Correlation of intravesical prostatic protrusion with severity of lower urinary symptoms among patients with benign prostatic hyperplasia

Background

Benign prostate hyperplasia (BPH) is characterized by an increase in the number of epithelial and stromal cells in the periurethral area of the prostate. Lower urinary tract symptoms (LUTS) often develop as a manifestation of bladder outlet obstruction (BOO) due to benign prostate enlargement. When the prostate enlarges, protrusion into the bladder often occurs as a result of morphological changes of the gland. Prostatic protrusion into the bladder can be measured with ultrasound as intravesical prostatic protrusion (IPP). There are studies that have shown IPP as a reliable predictor of bladder obstruction index (BOOI) as measured by pressure flow studies. IPP is thereby reliable in assessing the severity of BOO in patients with BPH. The severity of symptoms in patients with BPH can be assessed through several scoring systems. The most widely used symptoms scoring system is the International Prostate Symptoms Score (IPSS). The aim of this study is to determine the correlation of IPP with IPSS in men with BPH at our facility.

Methods

The study was a cross-sectional observational study that was conducted at the Division of Urology, Department of Surgery, in our facility. The study was conducted on patients greater than 50 years LUTS and an enlarged prostate on digital rectal examination and/or ultrasound. All consenting patients were assessed with the International Prostate Symptoms Score (IPSS) questionnaire, following which an abdominal ultrasound was done to measure the intravesical prostatic protrusion (IPP), prostate volume (PV) and post-void residual (PVR) urine. All the patients had uroflowmetry, and the peak flow rate was determined. The data obtained were entered into a proforma. The results were analyzed using Statistical Package for Social Sciences (SPSS) software package version 20.

Results

A total of 167 patients were seen during the study period. The mean age was 63.7 ± 8.9 years, with a range of 45–90 years. The mean IPSS was 18.24 ± 6.93, with a range of 5–35. There were severe symptoms in 49.1%, while 43.1% had moderate symptoms and 7.8% had mild symptoms. The overall mean IPP was 10.3 ± 8 mm. Sixty-two patients (37.1%) had grade I IPP, 21 patients (12.6%) had grade II IPP and 84 patients (50.3%) had grade III IPP. The mean prostate volume and peak flow rate were 64 g ± 34.7 and 11.6 ml/s ± 5.4, respectively. The median PVR was 45 ml with a range of 0–400 ml. There was a significant positive correlation between the IPP and IPSS (P = 0.001). IPP also had a significant positive correlation with prostate volume and post-void residual and a significant negative correlation with the peak flow rate (P < 0.01).

Conclusion

Intravesical prostatic protrusion is a reliable predictor of severity of LUTS as measured by IPSS, and it also shows good correlation with other surrogates of bladder outlet obstruction.

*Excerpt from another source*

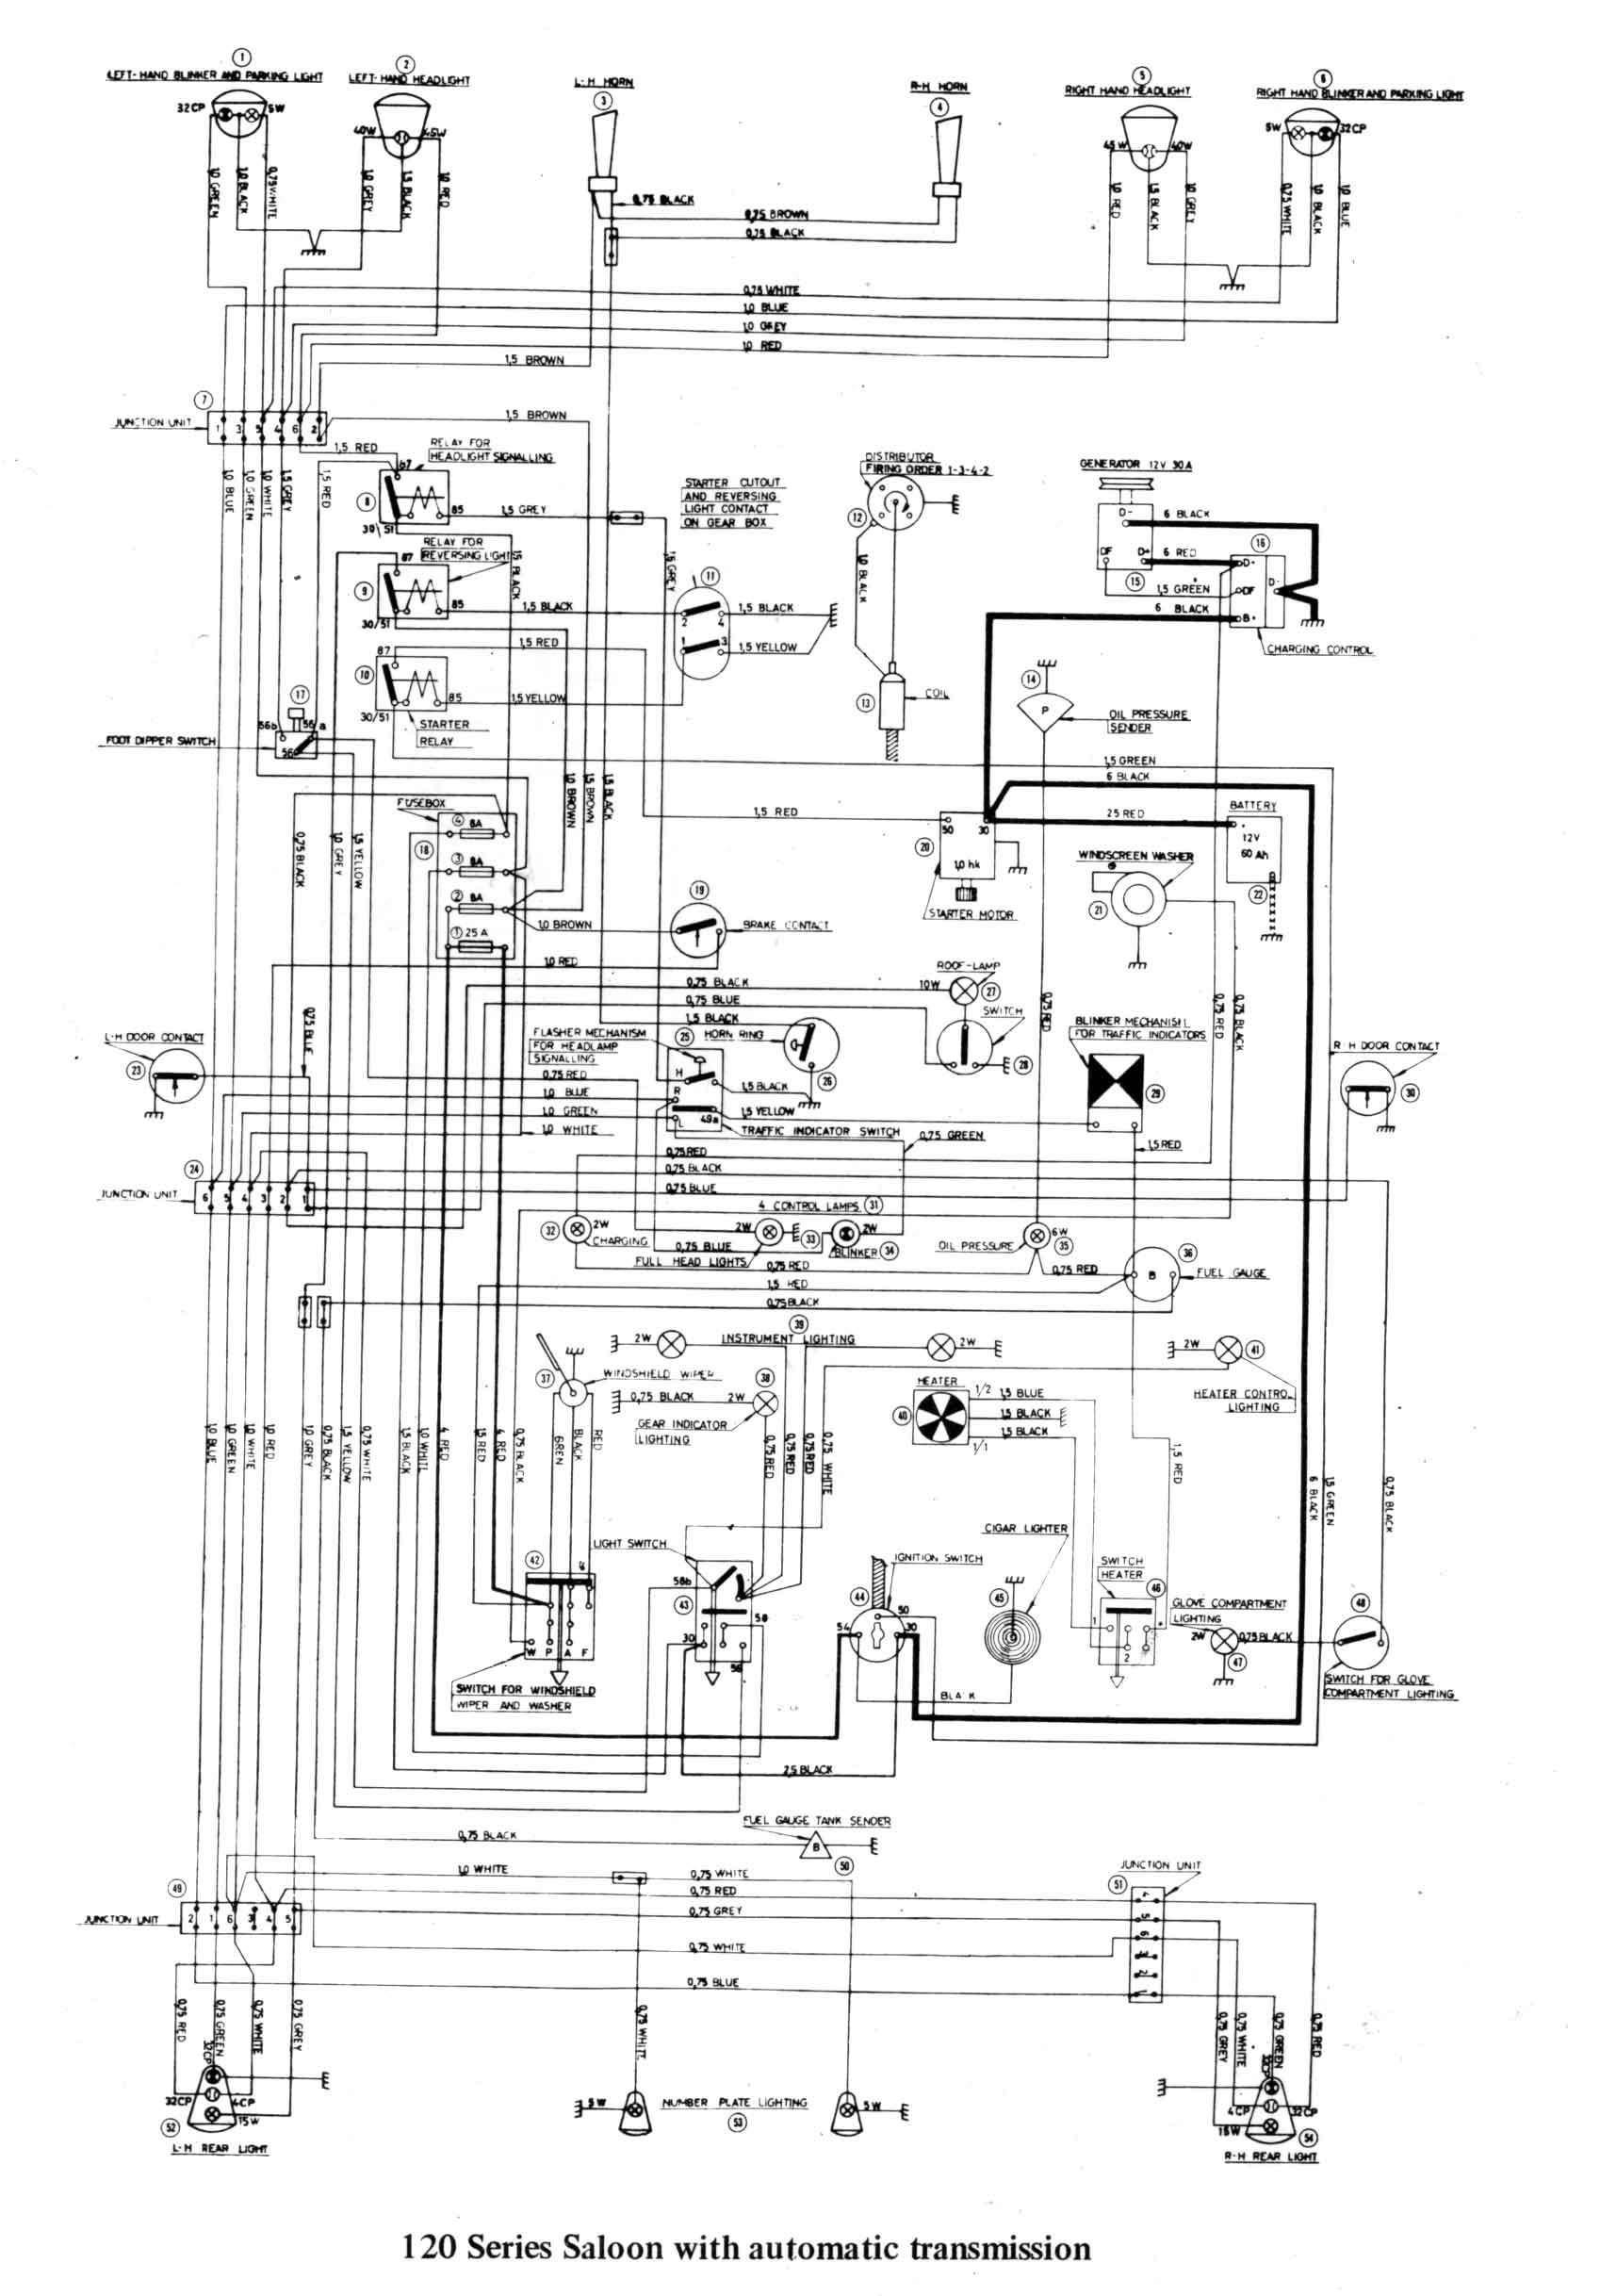 92 95 16L MFI engine wiring
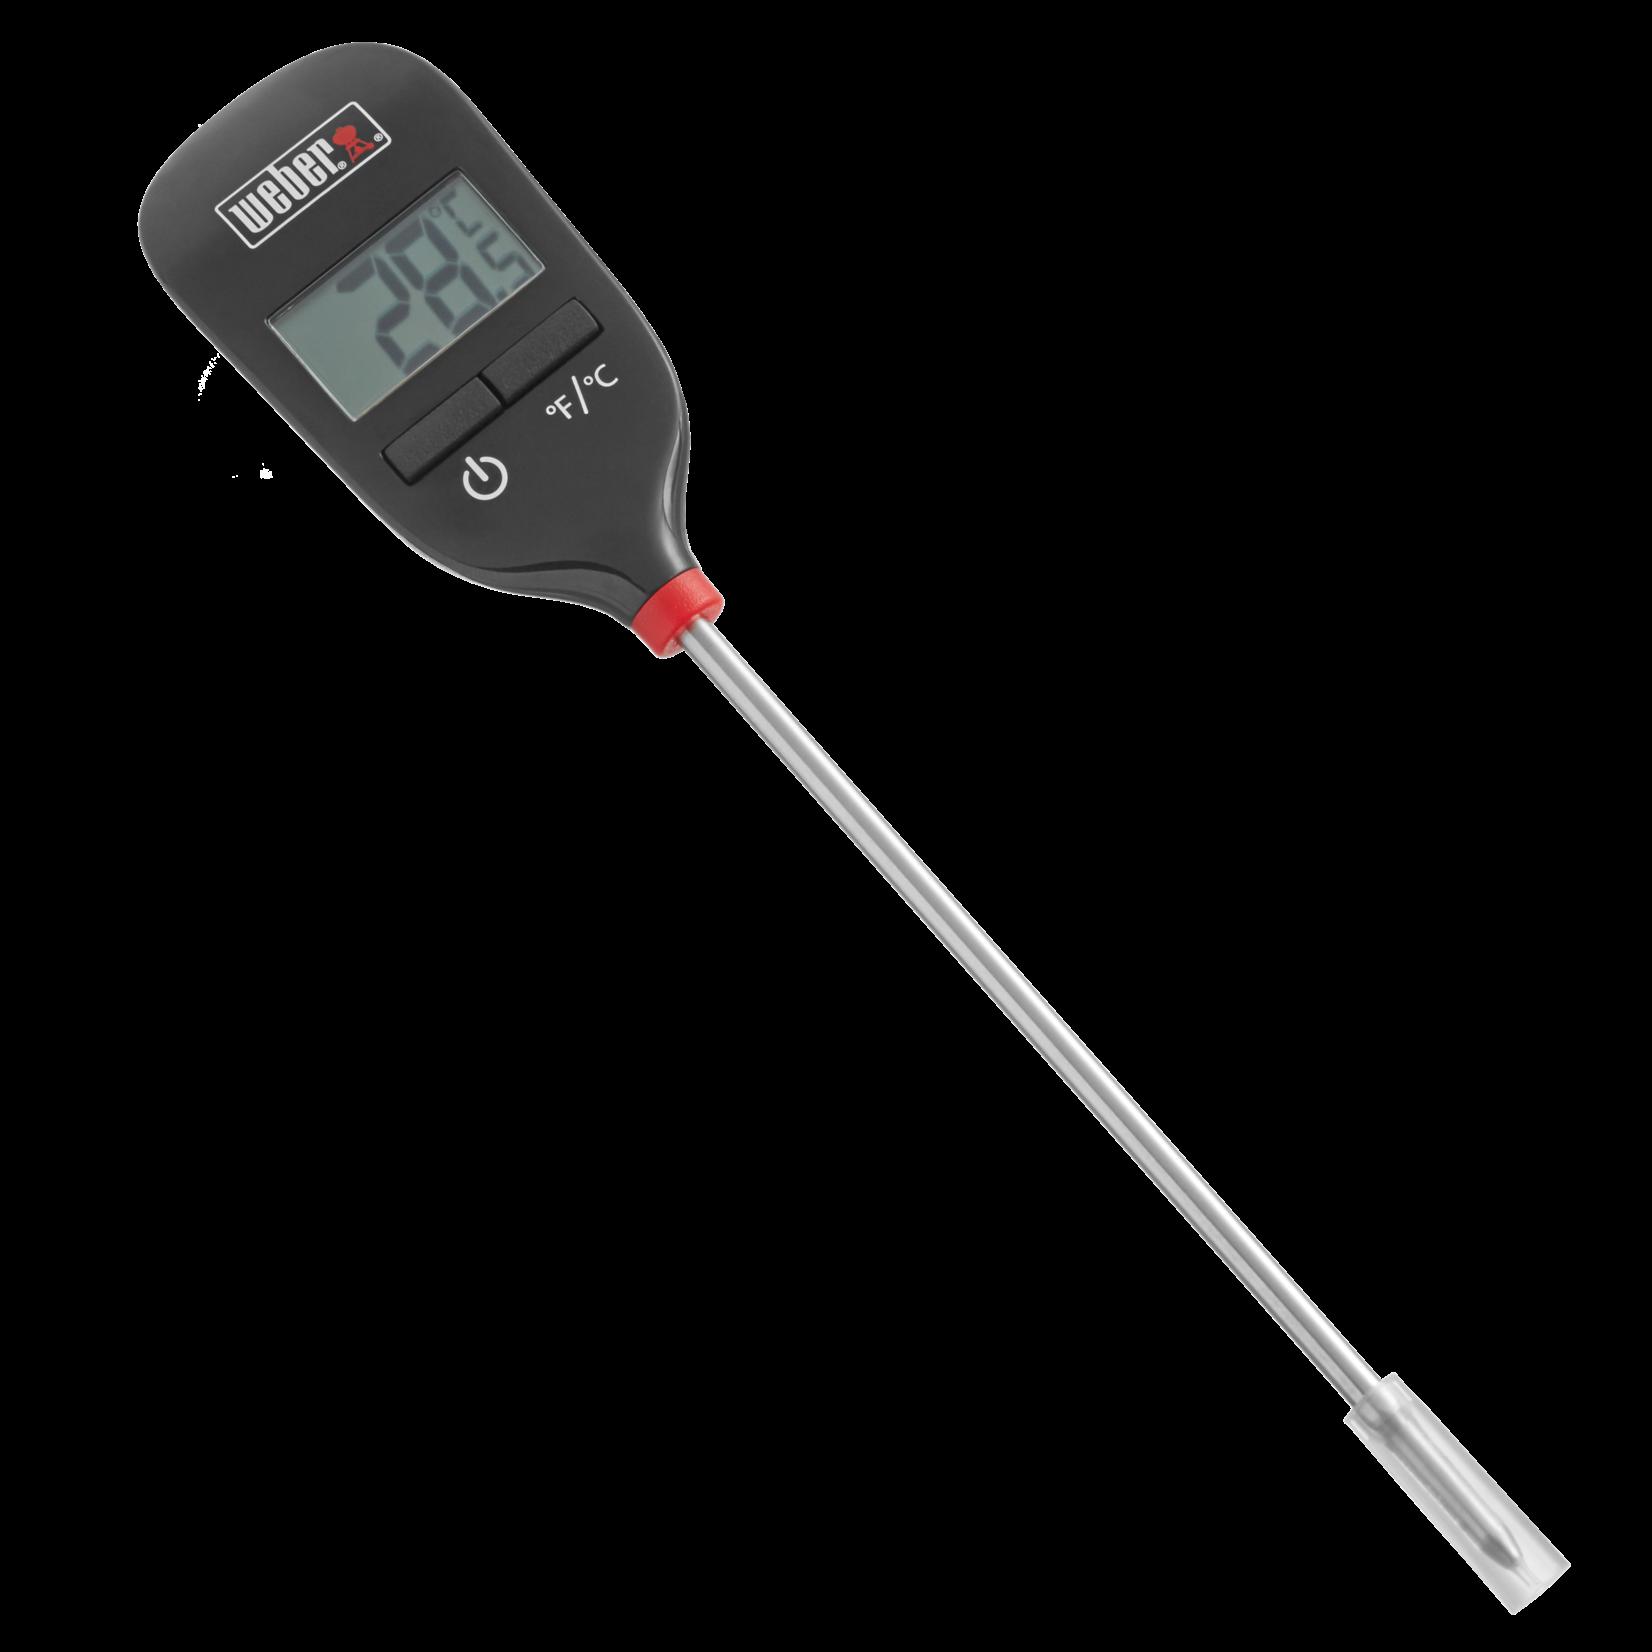 Weber Weber® digitale thermometer

Benign prostate hyperplasia is a condition intimately related to aging [1]. Histologically, it is a hyperplastic process that develops in the transition zone resulting from an increase in cell number. Microscopic evaluation reveals a nodular growth pattern that is composed of varying amounts of stroma and epithelium. Stroma is composed of varying amounts of collagen and smooth muscle [2]. The enlarged prostate can lead to bladder outlet obstruction which manifests clinically as LUTS. The size of the prostate is not a reliable predictor of the severity of LUTS [3, 4].

Pressure flow studies remain the gold standard to diagnose bladder outlet obstruction [5]. However, they are invasive, because catheterization is required to measure detrusor and urethral pressure, and they are uncomfortable for patients because of pain and voiding difficulty. Another important limitation of pressure flow study is the need for expensive equipments which are not readily available in many parts of the developing world. Thus, the need for a noninvasive, reliable and cost-effective alternative has lead to suggestion of surrogates like intravesical prostatic protrusion (IPP). Ultrasonographic measurement of IPP is able to detect bladder outlet obstruction in patients with benign prostate hyperplasia quickly and noninvasively [6]. Intravesical prostatic protrusion is the distance in millimeters between the tip of the prostate median lobe and bladder neck in the midsagittal plane, using a suprapubically positioned ultrasound scanner.

The intravesical prostatic protrusion distance can be divided into three grades: grade I: 0–4.9 mm, grade II: 5–10 mm, and grade III: more than 10 mm [7]

Studies have shown that IPP is a reliable predictor of bladder outlet obstruction index (BOOI) as measured by pressure flow studies [8, 9].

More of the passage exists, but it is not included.